I've noticed that on DoMyOwn... starting to realize even Amazon can be cheaper.


----------



## canyoncove (Aug 18, 2018)

UFG8RMIKE said:


> Check out Seedworld USA, usually best pricing I've found on a lot of stuff. They are right down the road from me, so I'm there quite a bit.
> 
> .


Will do.. thanks for the tip.


----------



## canyoncove (Aug 18, 2018)

JWAY said:


> canyoncove said:
> 
> 
> > CenlaLowell said:
> ...


$110 plus $30 for a gallon of surfactant.. How much surfactant do you need to use per application.. also I'm relieved that there's no temperature restrictions.. that's when I want to use it the most is in the summer.. It's already in the mid-80's here in GA.


----------



## canyoncove (Aug 18, 2018)

Does Prodiamine cover Poa Annau? That's what I had the most of.. but I think I needed to apply the Prodiamine in the fall to attack that.

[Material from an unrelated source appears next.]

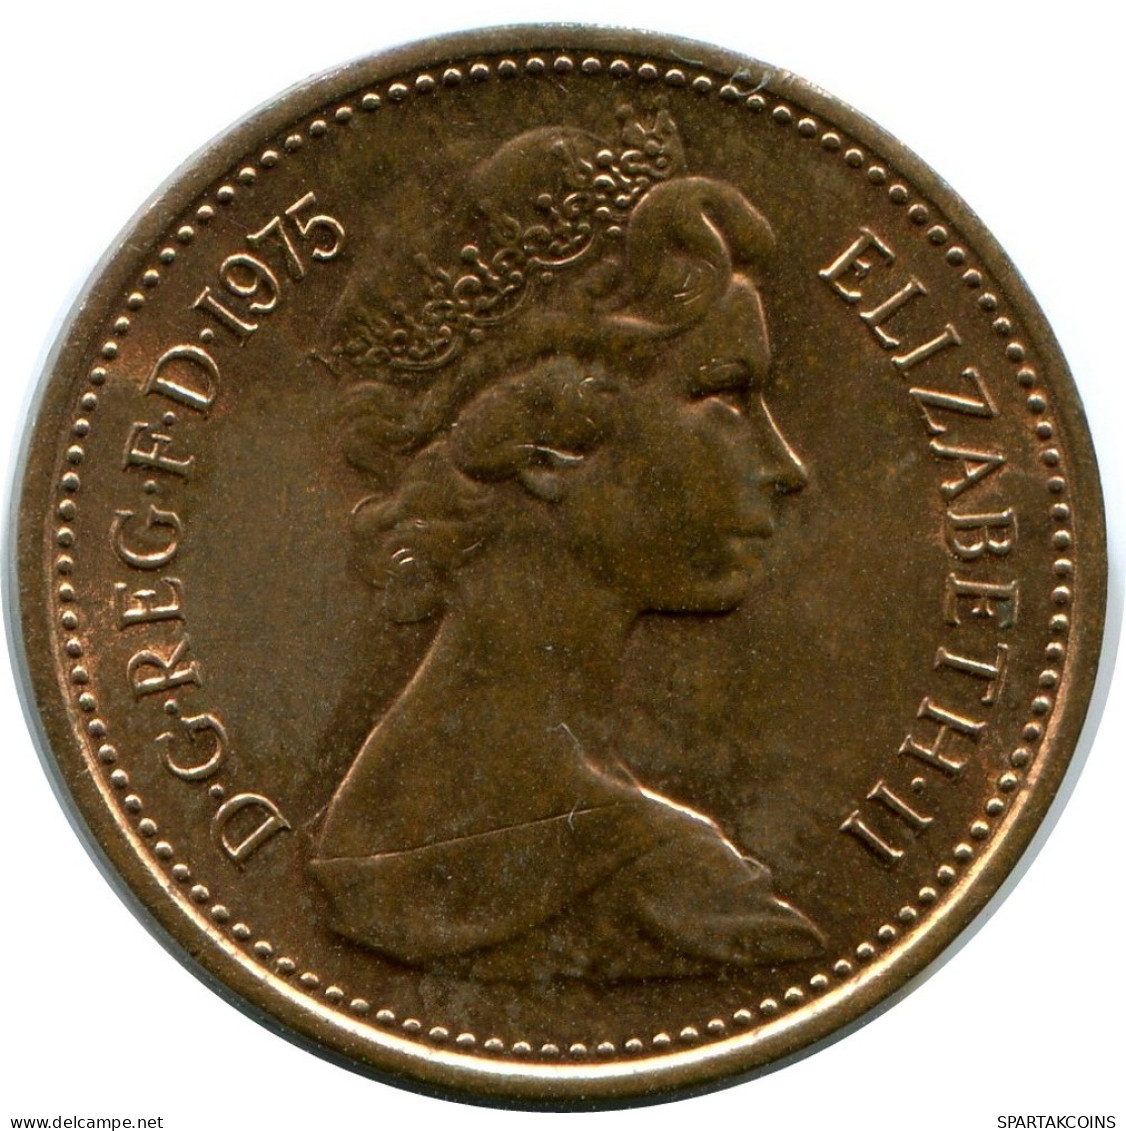 NEW PENNY 1975 UK GROßBRITANNIEN GREAT BRITAIN Münze #AZ039.D.A - 1 Penny & 1 New Penny
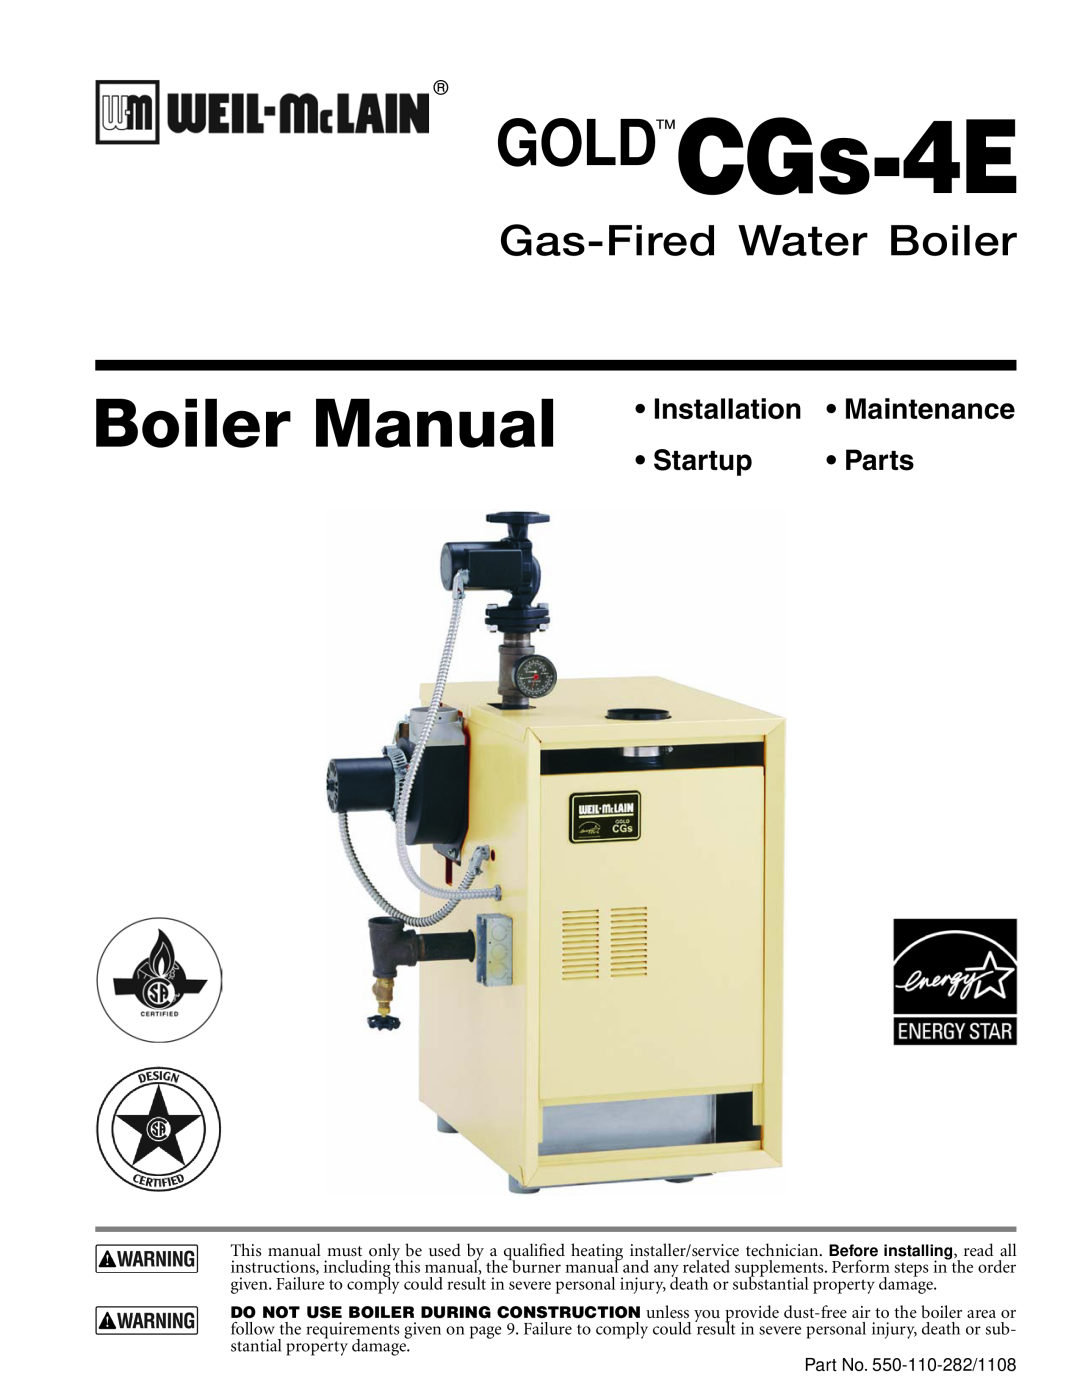 Weil-McLain CGS-4E manual Installation Maintenance, Startup Parts, GOLDCGs-4E, Boiler Manual, Gas-FiredWater Boiler

Tha major weeds I battle are Oxalis (yellow woodsorrel), white clover, nutsedge. The worst is Chamberbitter, which doesn't appear til summer. It won't go away.. I haven't seen it yet, but I know it will pop up in a few weeks.

My biggest winter weeds are poa annua, harry bittercress and henbit geranium, and whatever this is.


----------



## JWAY (Oct 16, 2018)

canyoncove said:


> Does Prodiamine cover Poa Annau? That's what I had the most of.. but I think I needed to apply the Prodiamine in the fall to attack that.
> 
> Tha major weeds I battle are Oxalis (yellow woodsorrel), white clover, nutsedge. The worst is Chamberbitter, which doesn't appear til summer. It won't go away.. I haven't seen it yet, but I know it will pop up in a few weeks.
> 
> My biggest winter weeds are poa annua, harry bittercress and henbit geranium, and whatever this is.


Prodiamine does cover Poa. Celcius controls or suppresses all of the weeds you listed except the sedge.
Chamberbitter is a witch and Oxalis is it's twin sister. Hit it while it's young and keep kicking it while it's down.
NIS surfactant is usually mixed at 0.25% of your tanks carrier liquid volume. The herbicide's label will guide you.
You can download the herbicide labels from the websites of most major suppliers.


----------



## canyoncove (Aug 18, 2018)

JWAY said:


> canyoncove said:
> 
> 
> > Does Prodiamine cover Poa Annau? That's what I had the most of.. but I think I needed to apply the Prodiamine in the fall to attack that.
> ...


Thanks JWAY! I just saw the Prod. label and it says it covers Woodsorrel, yellow (from seed), which is Oxalis right? (sorry still learning these weeds.)

I think I'm gonna take a little break from the post emergents and pull em out. I think I have some burned spots on my lawn.. I may have over applied by hitting weeds more than once that didn't look dead. I've spot treated with the Speedzone about 4 times this year, and I think it's too much.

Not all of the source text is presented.